During the US Presidential election campaign Barack Obama pledged on at least two occasions to take strong nuclear disarmament steps if he became president including leading an effort to achieve a nuclear weapons free world.
In the month since his successful election, has President-elect Obama given indications that he intends to fulfill these pledges, or are the politics of building a cross-partisan team and dealing with vested pro-nuclear interests dragging him back towards a more limited agenda?
Change Nuclear Weapons Policy? Yes, We Can.
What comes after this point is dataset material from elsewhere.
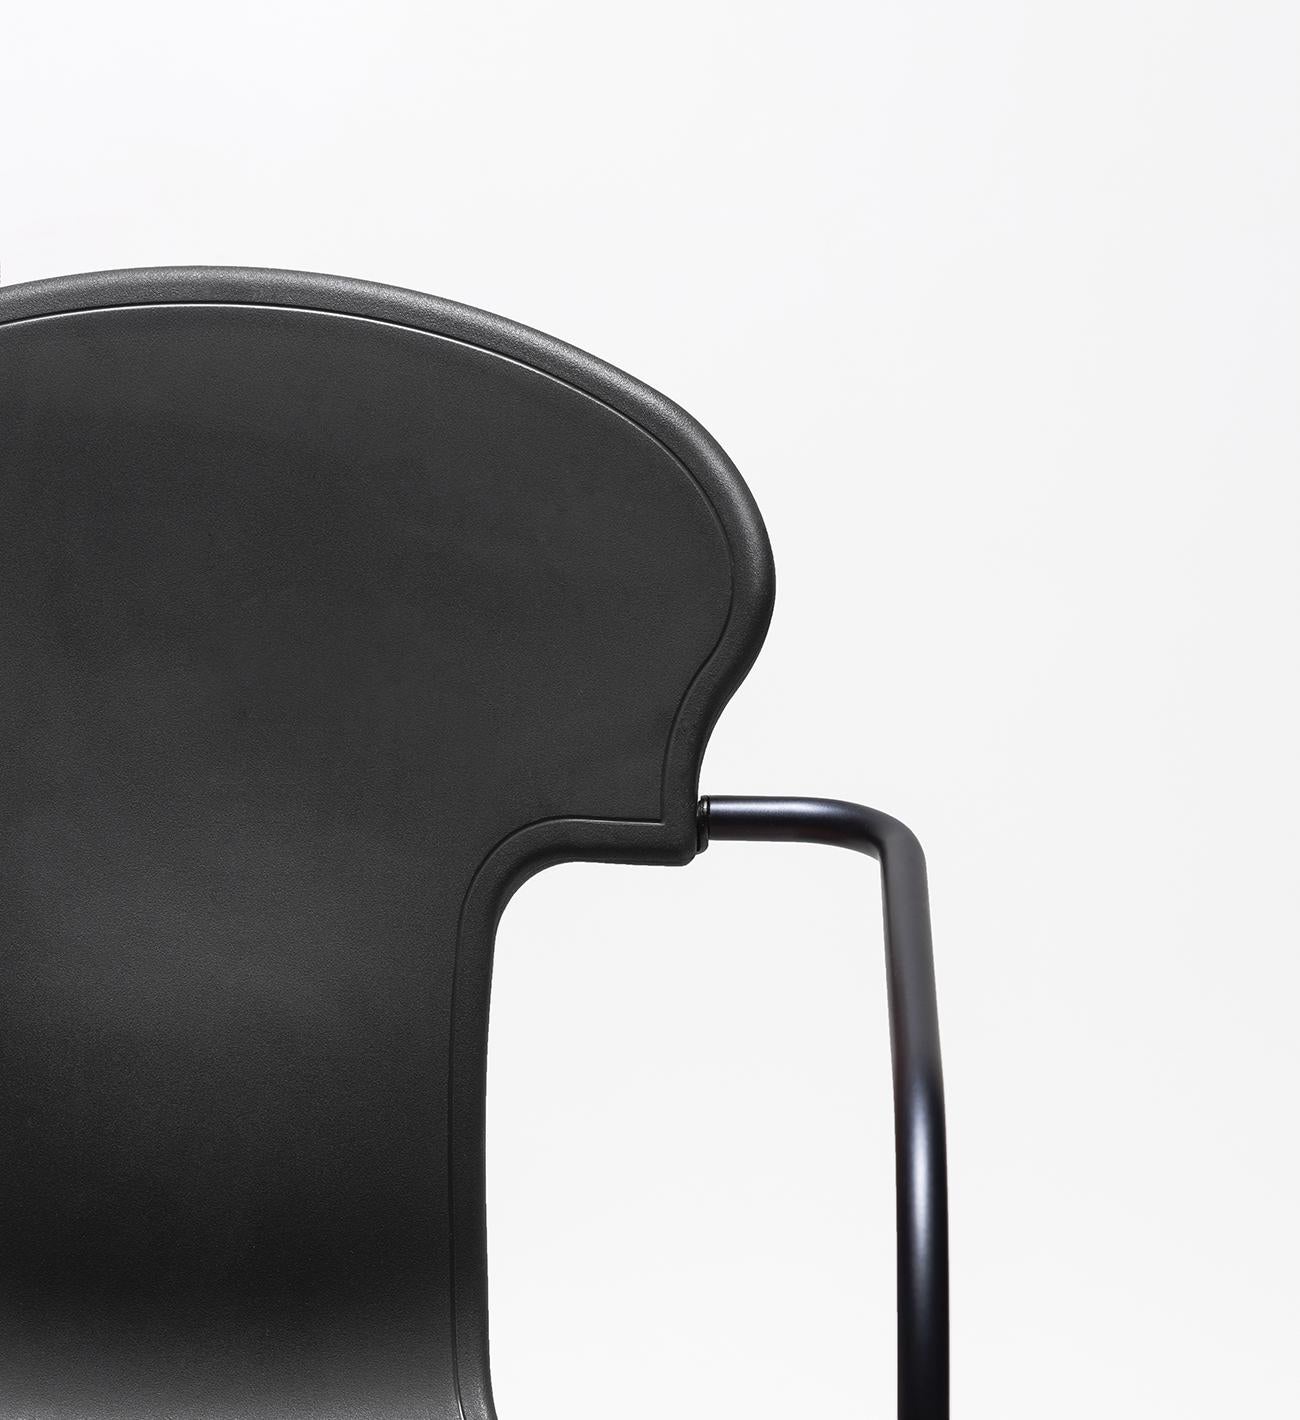 En 2008, Oscar Tusquets a revu le design de sa célèbre chaise Variously et a imaginé cette version plus petite et actualisée, présentée dans un noir anodique peint.

L'assise est disponible en polypropylène injecté blanc ou noir et revêtue de

The election of Barack Obama to the presidency represents a clear mandate for change on a number of fronts, including transforming outdated U.S. policy on nuclear weapons and reviving U.S. leadership on disarmament and non-proliferation. The job now is to get the needed support in Congress and the international arena.
- Daryl Kimball
Foreign Policy in Focus
25 November 2008
Some critics claim that Obama’s appointment of Robert Gates as Secretary for Defence indicates a backward slide. In a keynote address just before the election, Gates supported the development of a new nuclear weapon (the ‘reliable replacement warhead’), argued that the US should maintain its nuclear stockpile as long as other States possessed or sought to possess nuclear weapons or other weapons of mass destruction, and claimed that US nuclear weapons deter others from developing such weapons.
However, Daryl Kimball argues that Obama is committed to nuclear disarmament and is likely to lead his new administration on a determined and comprehensive disarmament path. Kimball, in an article in Foreign Policy in Focus, says that Obama demonstrated his capacity to work cross-party on concrete nuclear disarmament steps in Senate resolution 1977 which he co-sponsored with Republican Chuck Hagel. This included key steps that Obama re-affirmed in his election campaign including de-alerting current stockpiles, ratifying the Comprehensive Test Ban Treaty, negotiating further stockpile reductions with Russia, commencing negotiations on a fissile materials treaty and internationalising proliferation-sensitive nuclear fuel cycle capacities.
Kimball indicates that support in the US Congress and internationally is vital for the achievement of a number of these steps.